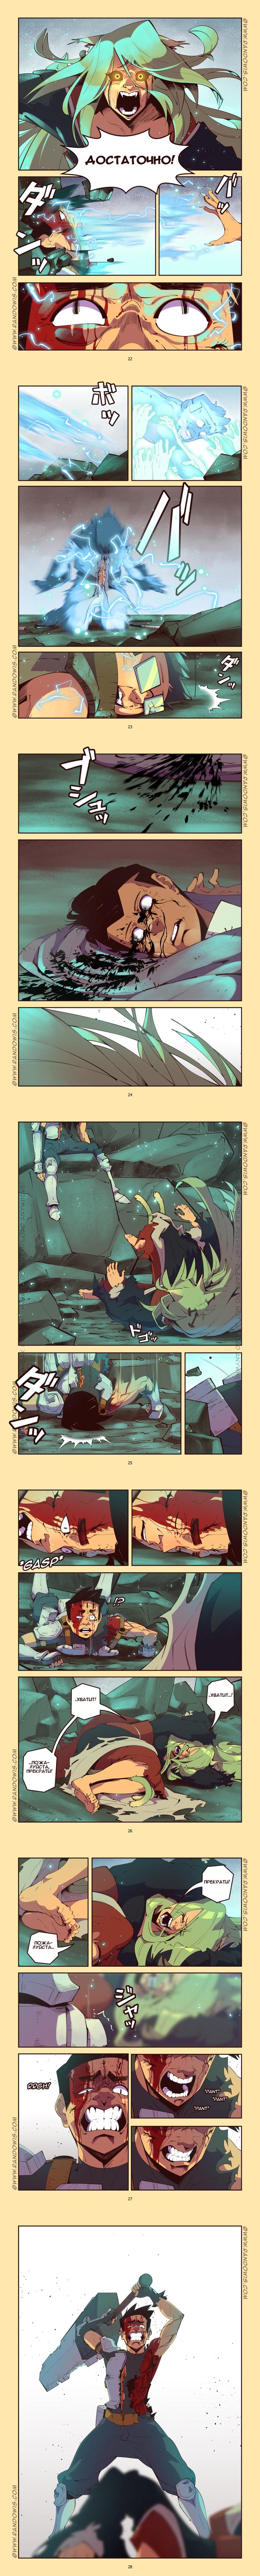 Мы живем в ММО?!Глава 7 ( 22 - 32 ст) Randowis, Комиксы, We Live in an MMO, MMO, Перевод, Длиннопост, Anime Art
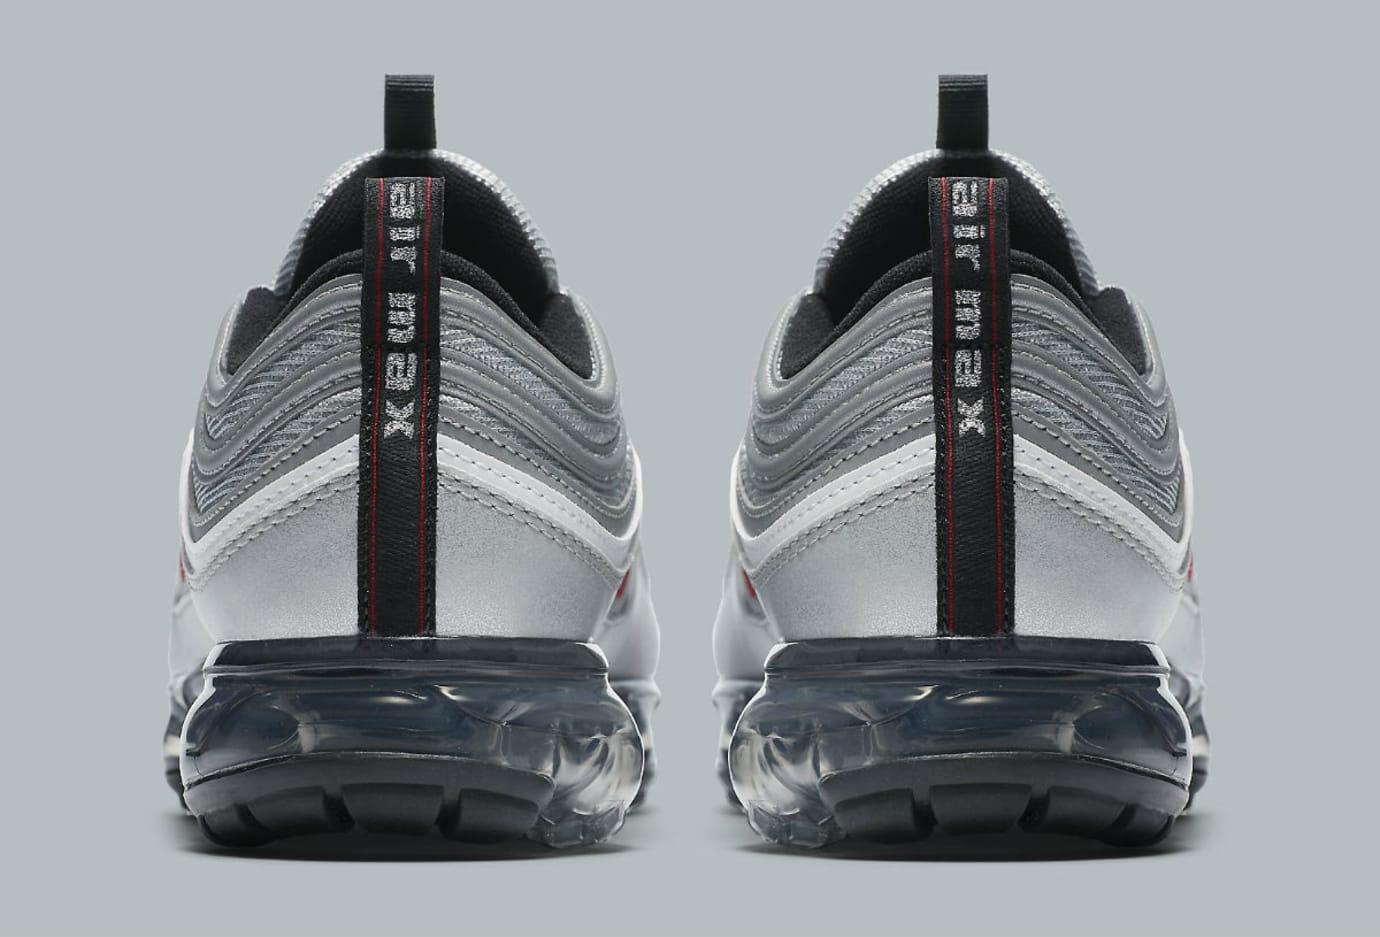 Nike Air VaporMax 97 Silver Bullet Release Date AJ7291 002
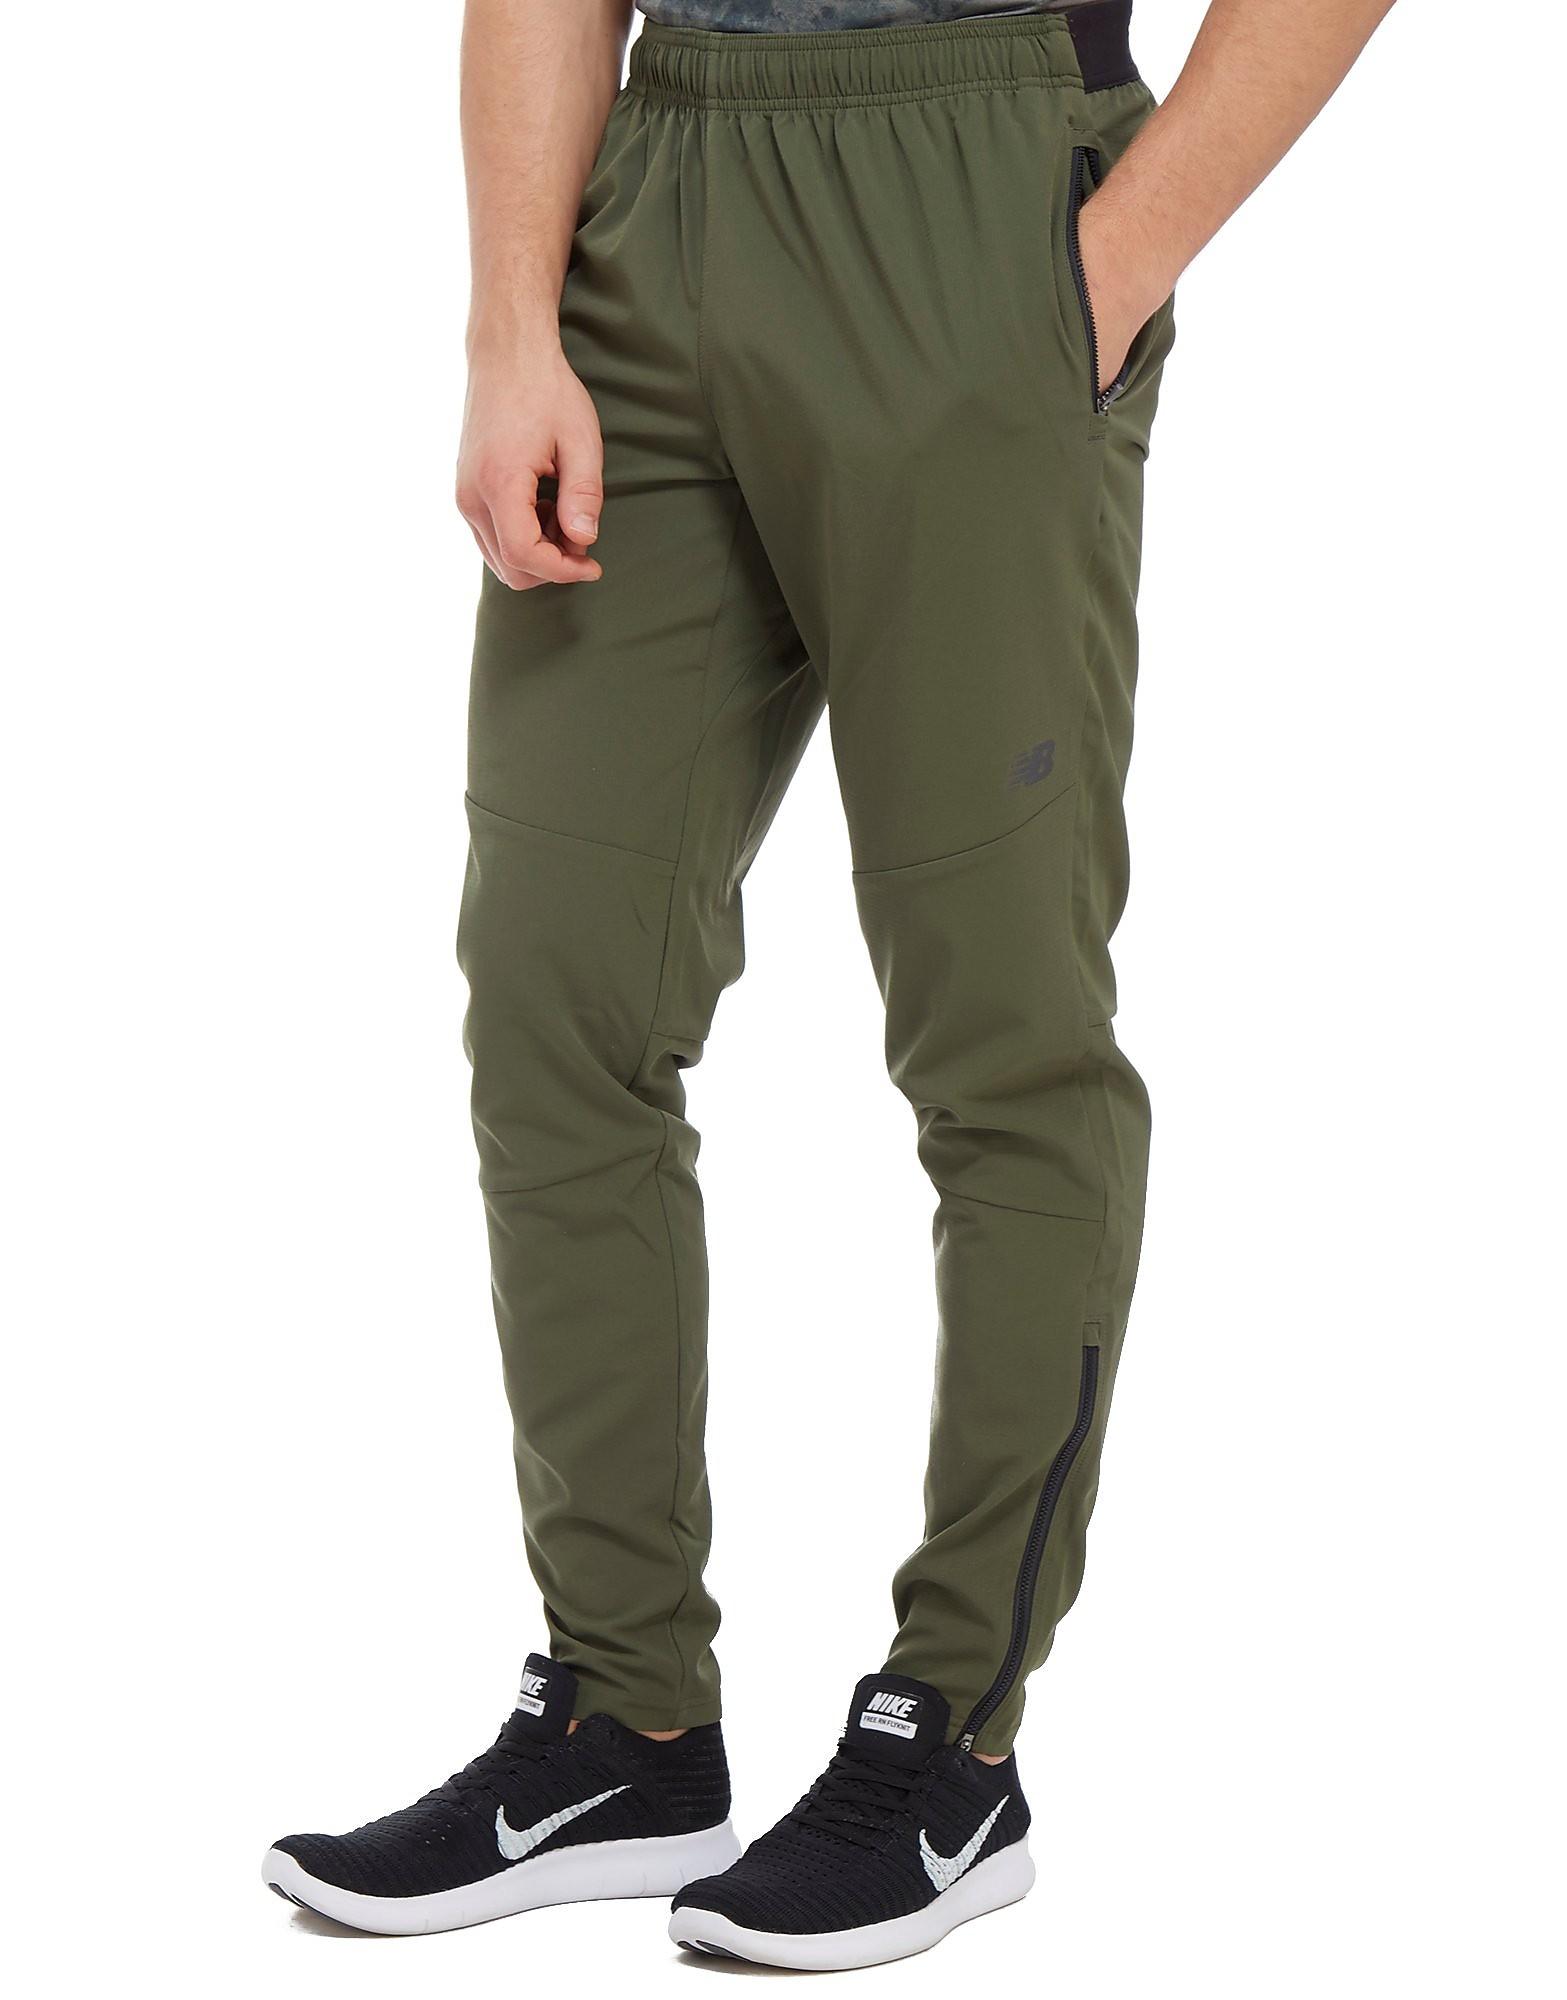 Max Intensity Pants

Exercise goal: Without any of its images, the data above should be returned exactly.

Response:
 Мы живем в ММО?!Глава 7 ( 22 - 32 ст) Randowis, Комиксы, We Live in an MMO, MMO, Перевод, Длиннопост, Anime Art
 Nike Air VaporMax 97 Silver Bullet Release Date AJ7291 002
 Max Intensity Pants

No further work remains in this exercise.